----- Information shown -----
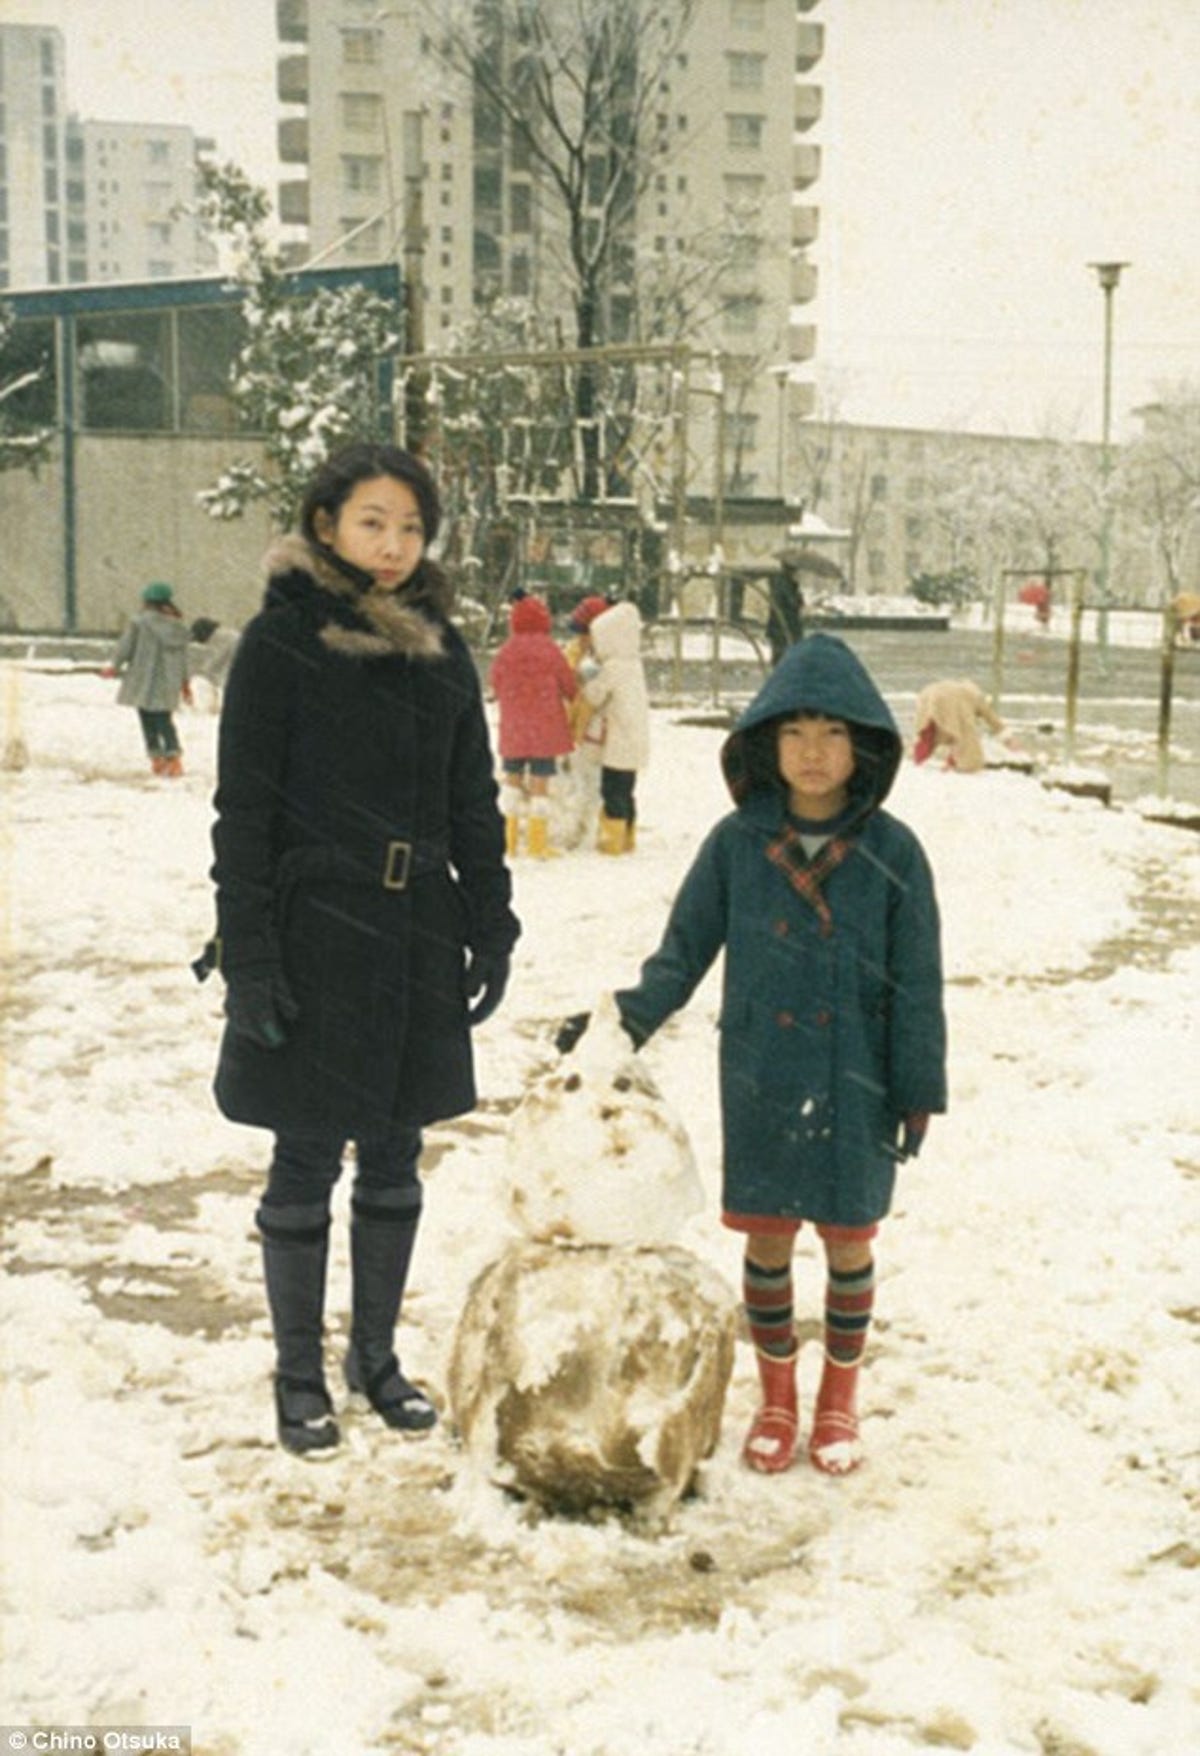 Photographer Chino Otsuka went back in time and built a snowman with the kid version of herself from 1980 in Nagayama, Japan in her photo series 
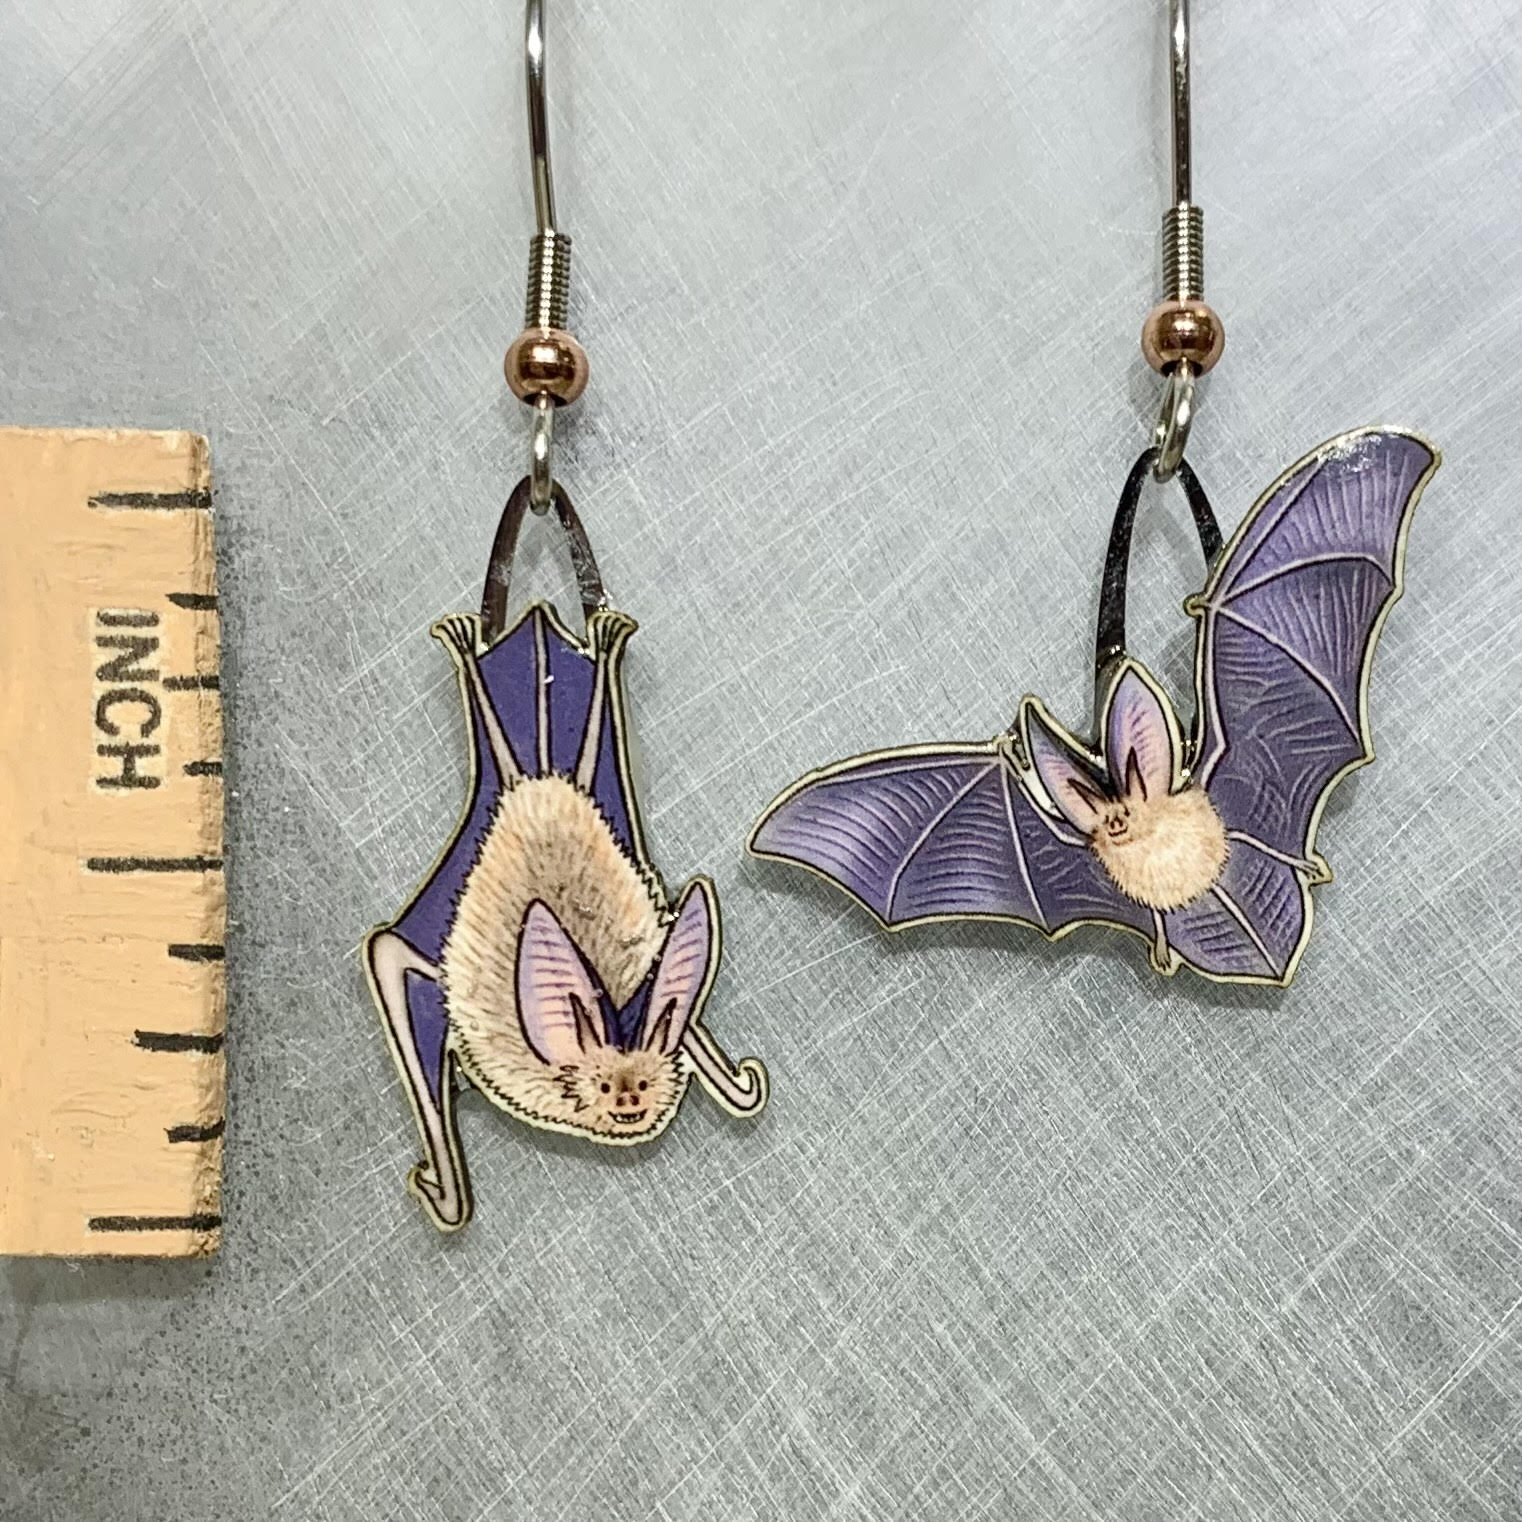 Picture shown is of 1 inch tall pair of earrings of the animal the Big-eared Bat.
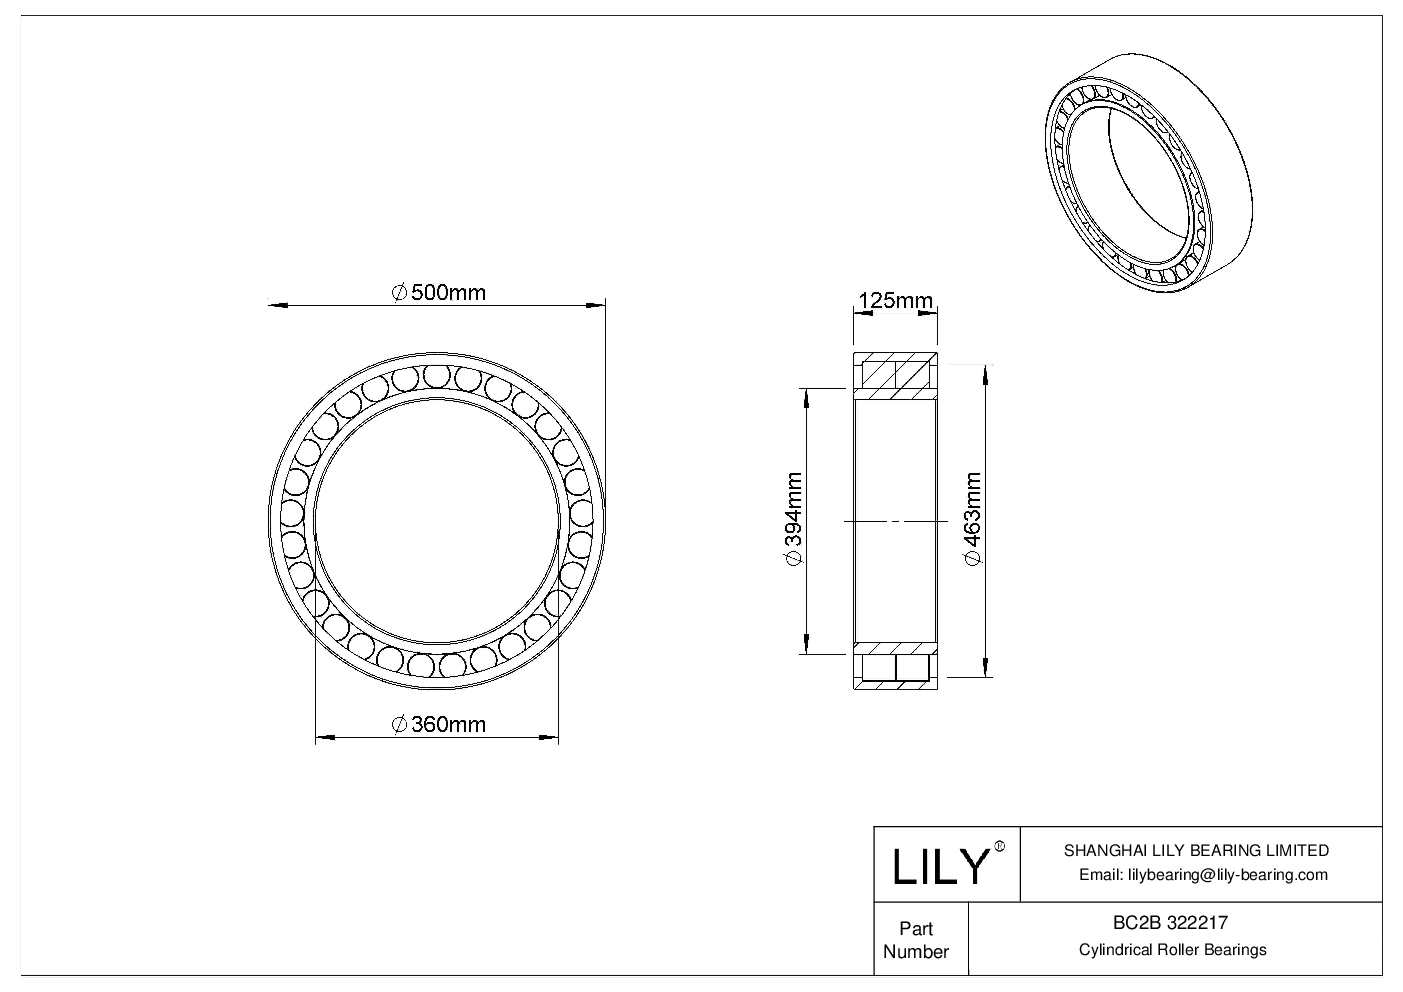 BC2B 322217 Double Row Cylindrical Roller Bearings cad drawing
-----
Your instructions - Transcribe the listing exactly; omit all images.

Response to this task -
 Photographer Chino Otsuka went back in time and built a snowman with the kid version of herself from 1980 in Nagayama, Japan in her photo series 
 Picture shown is of 1 inch tall pair of earrings of the animal the Big-eared Bat.
 BC2B 322217 Double Row Cylindrical Roller Bearings cad drawing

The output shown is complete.